UK manufacturing woes deepening as industry 'hit on several fronts'

A person working on the production line at Nissan

The latest UK Purchasing Managers' Index (PMI) from S&P Global indicates a deepening crisis in the country's manufacturing sector.

S&P Global's most recent PMI survey, which gathers data from approximately 600 industrial firms about their performance, suggests that manufacturing is once again on a downward trajectory after a disappointing start to the year, as reported by City AM.

The latest figure reveals a drop to 44.9, slightly better than the anticipated 44.6 predicted by economists.

This represents the lowest reading in 17 months, compared to an average of 51.7 between 2008 and 2025.

Rob Dobson, director at S&P Global Market Intelligence, described the outlook as "darkening" with confidence plummeting across the sector.

Dobson stated: "Companies are being hit on several fronts."

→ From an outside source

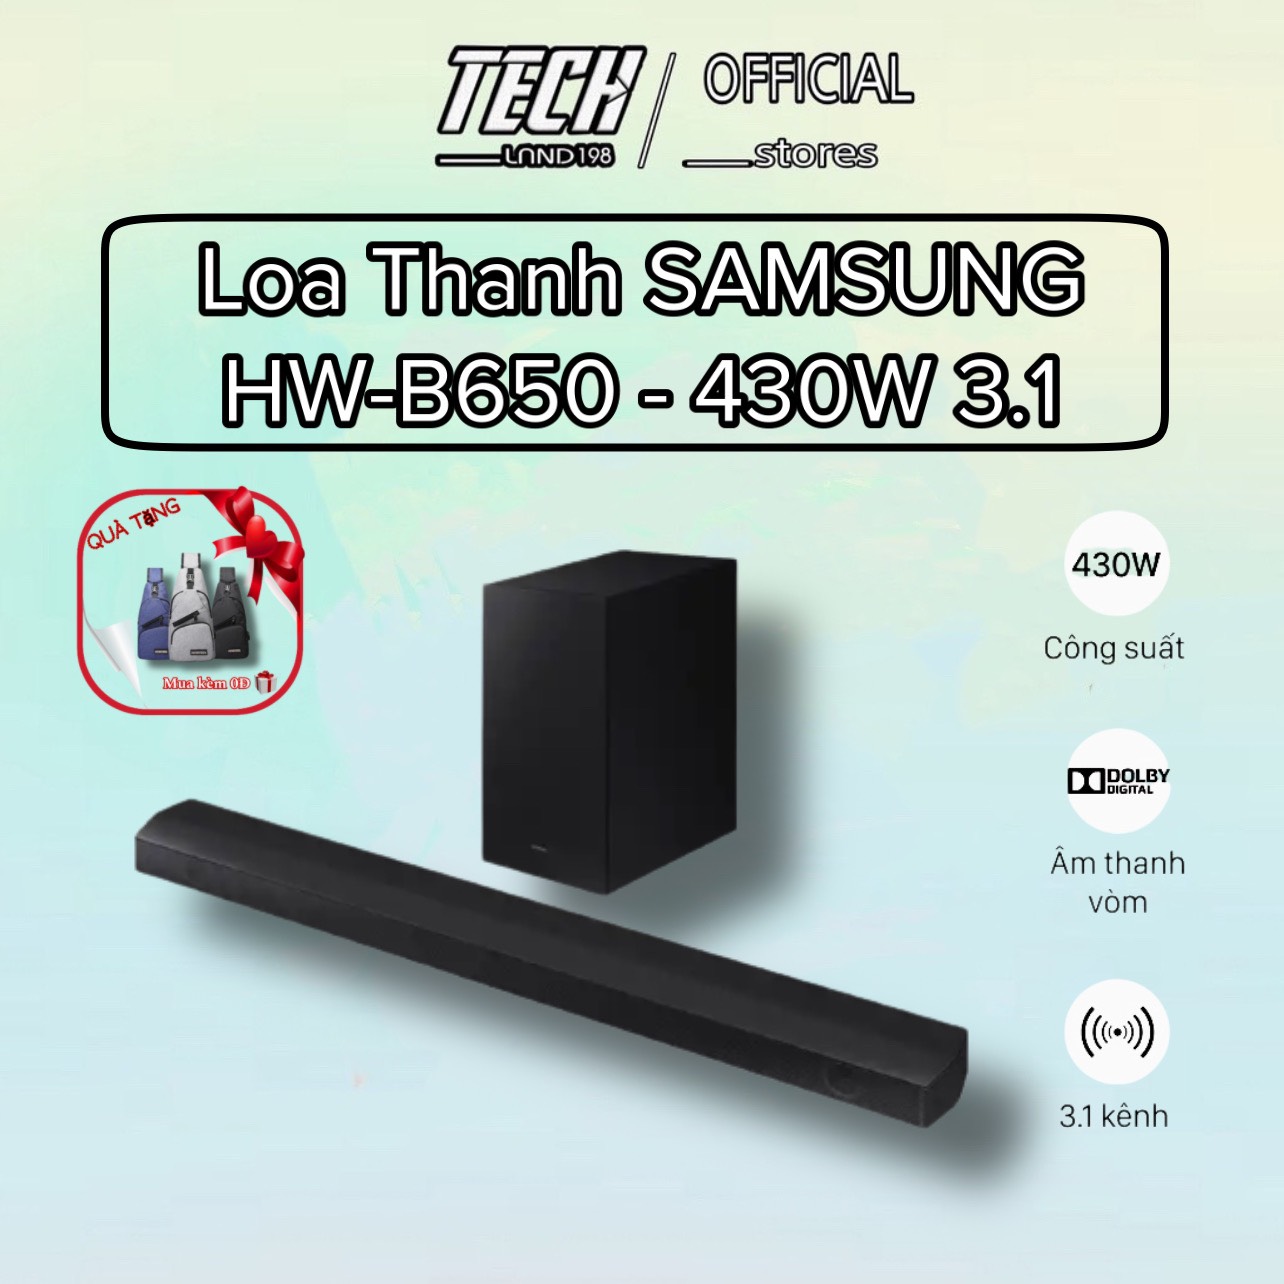 [FREE SHIP TOÀN QUỐC] Loa thanh Samsung HW-B650/XV công suất 430w 3.1 kênh - Hàng chính hãng - Bảo hành 12 tháng

He elaborated: "Costs are rising due to changes in the national minimum wage and national insurance contributions, geopolitical tensions are intensifying, and global trade faces potential disruptions from tariffs."

He added: "Although the impact on production volumes was widespread across industry, it was again small manufacturers that took the hardest knock."

The manufacturing sector had already begun to falter in the new year.

The Confederation of British Industry (CBI) reported a decline in output in January, suggesting businesses were "conserving funds" in response to Reeves' tax raid, which includes increases to national insurance contributions (NICs).

Employer taxes are scheduled to be implemented starting this week, with the threshold for paying the levy lowered to £5,000.